At present, there are few studies on dry connection of prefabricated shear wall structures. Takagi Jiro and Changjiang Takuya in Japan proposed a steel bar-steel welding method in prefabricated shear walls. Place the steel plate at the place, weld the steel bars at the grooves of the upper and lower shear walls to the steel plates, and finally seal the grooves with non-shrinking high-strength mortar. Sun Jian of Southeast University proposed a new fully assembled reinforced concrete shear wall connected by high-strength bolts. The end is welded to the inner side of the embedded frame, and the upper and lower prefabricated shear walls with the embedded frame are connected by high-strength bolts and connecting steel frames.

To sum up, wet connection plays a dominant role in the connection method of prefabricated shear wall structures. Many wet connection methods have been proved to have the same performance as cast-in-place and have been used in engineering practice, while the research on dry connection has been carried out in recent ten years. It has only started to appear in a few years, and the research is few and the node form is relatively complicated. While the research on wet connection and dry connection of prefabricated concrete structure has achieved a series of considerable results, there are also the following problems:

(1) The wet connection method can only improve the building construction speed to a certain extent. Because this type of scheme inevitably has secondary pouring processes such as structural columns and laminated slabs, which limits the building construction speed. The prefabricated shear wall structure using wet connection can save 30-50% of the construction period compared with the traditional structure, so further research on node connection is needed to speed up the construction without greatly reducing the force.

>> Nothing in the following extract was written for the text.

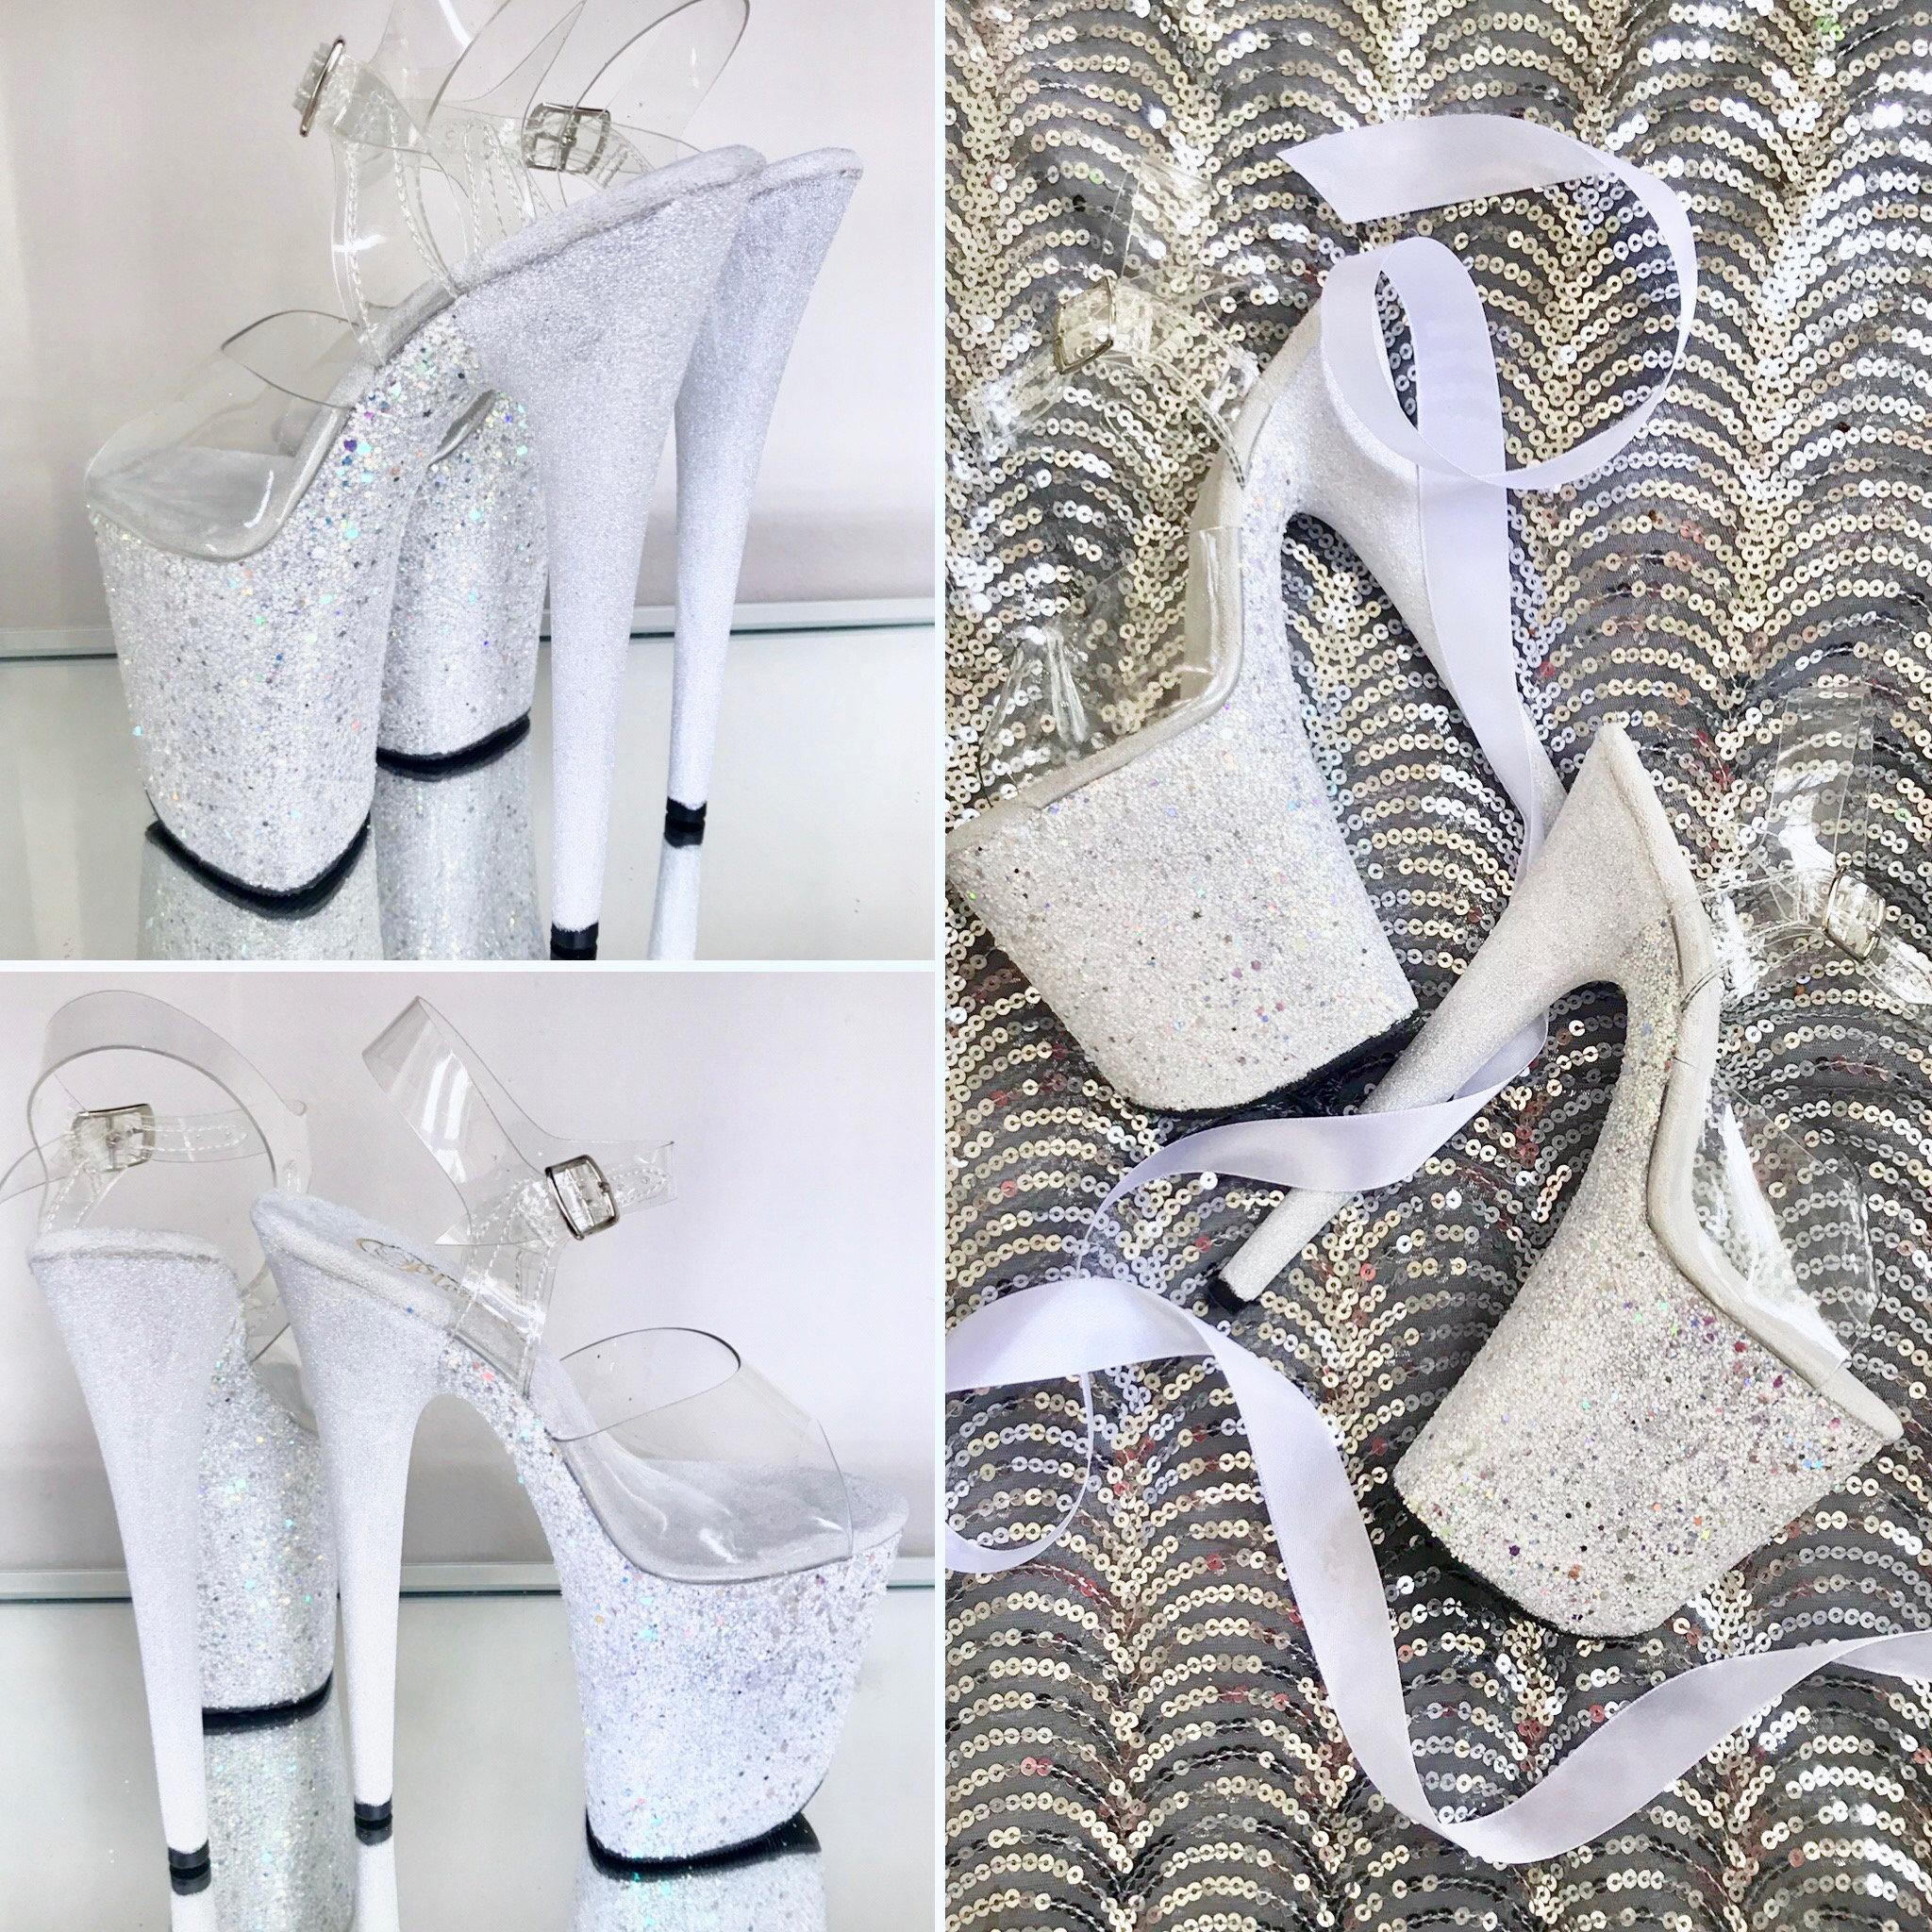 UK 7 Pleaser Detachable Ankle Straps for Stripper Heels 1 Pair S//M Fits UK 2
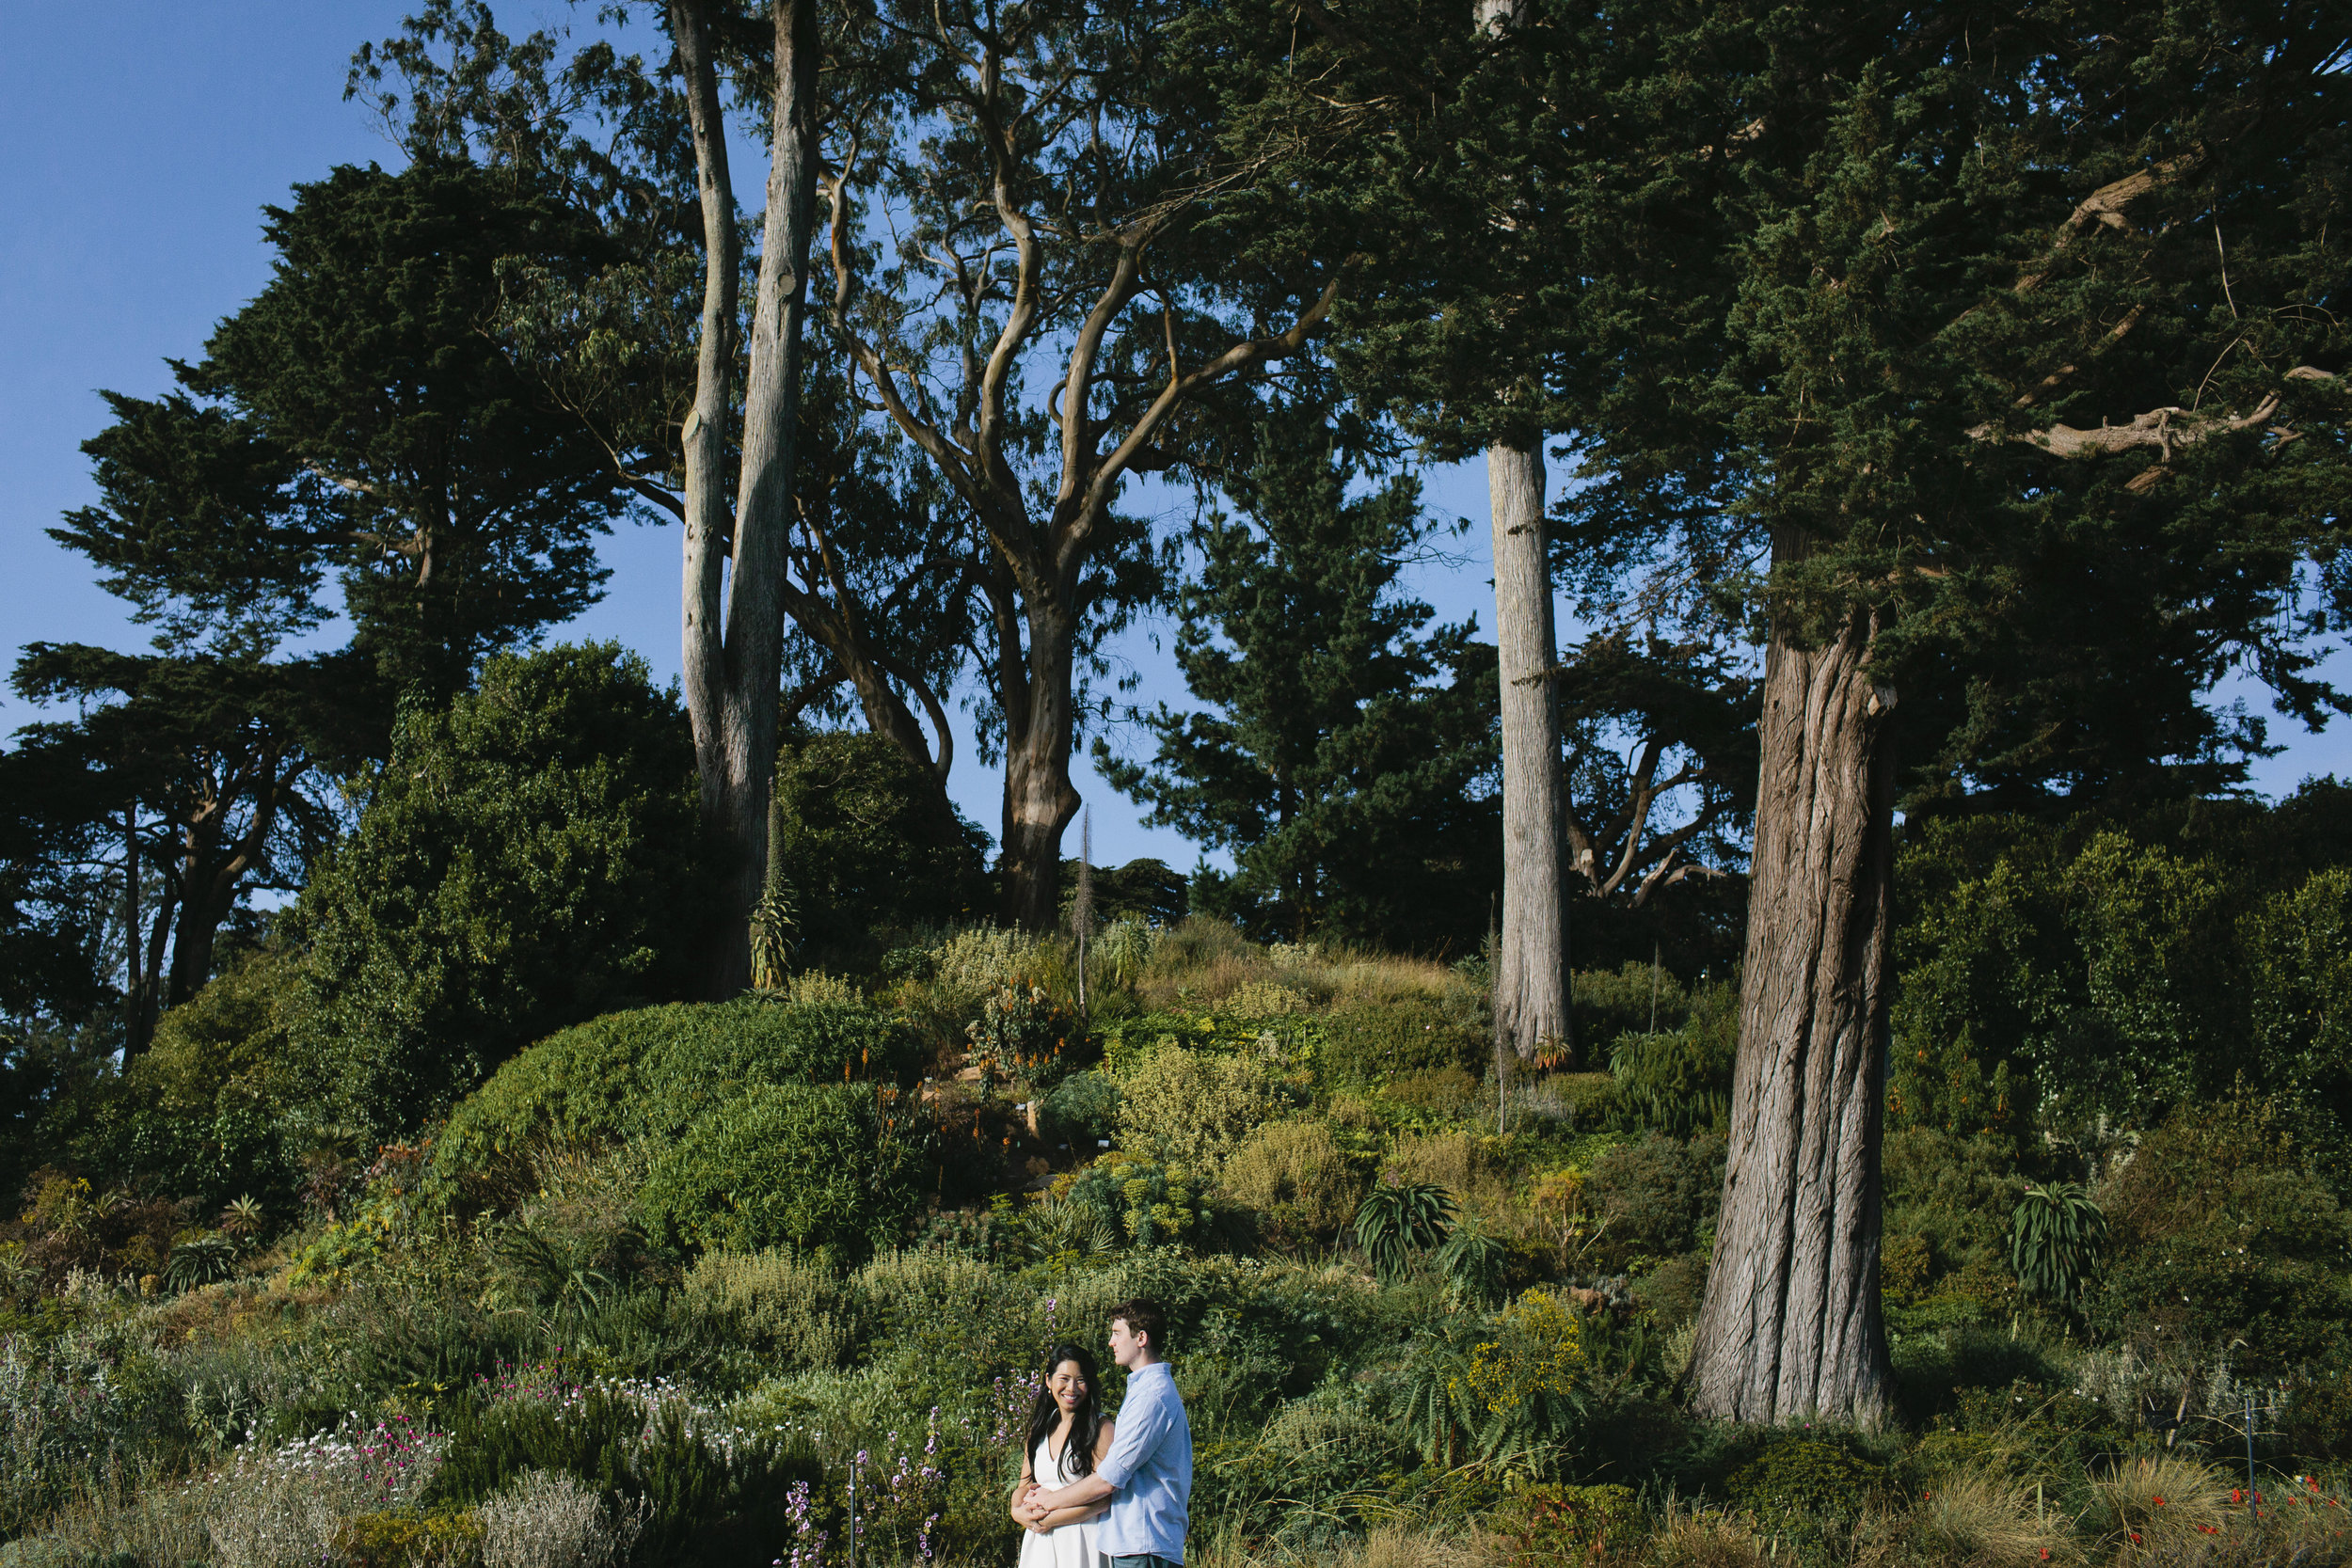 Jenn and Landon had a Botanical Gardens engagement session in Golden Gate Park.

(2) The construction quality of the wet connection method is not easy to guarantee. In the construction of this kind of scheme, because the grouting of the overlapping hole of the sleeve and the steel bar is not dense, etc., it often occurs that the steel bar cannot effectively transmit force and the construction quality is difficult to be guaranteed. In practical applications, the grouting is not dense and leads to poor stress of the lapped steel bars. Therefore, reducing the use of reserved holes or sleeves to avoid poor force transmission of steel bars is an important direction for joint research.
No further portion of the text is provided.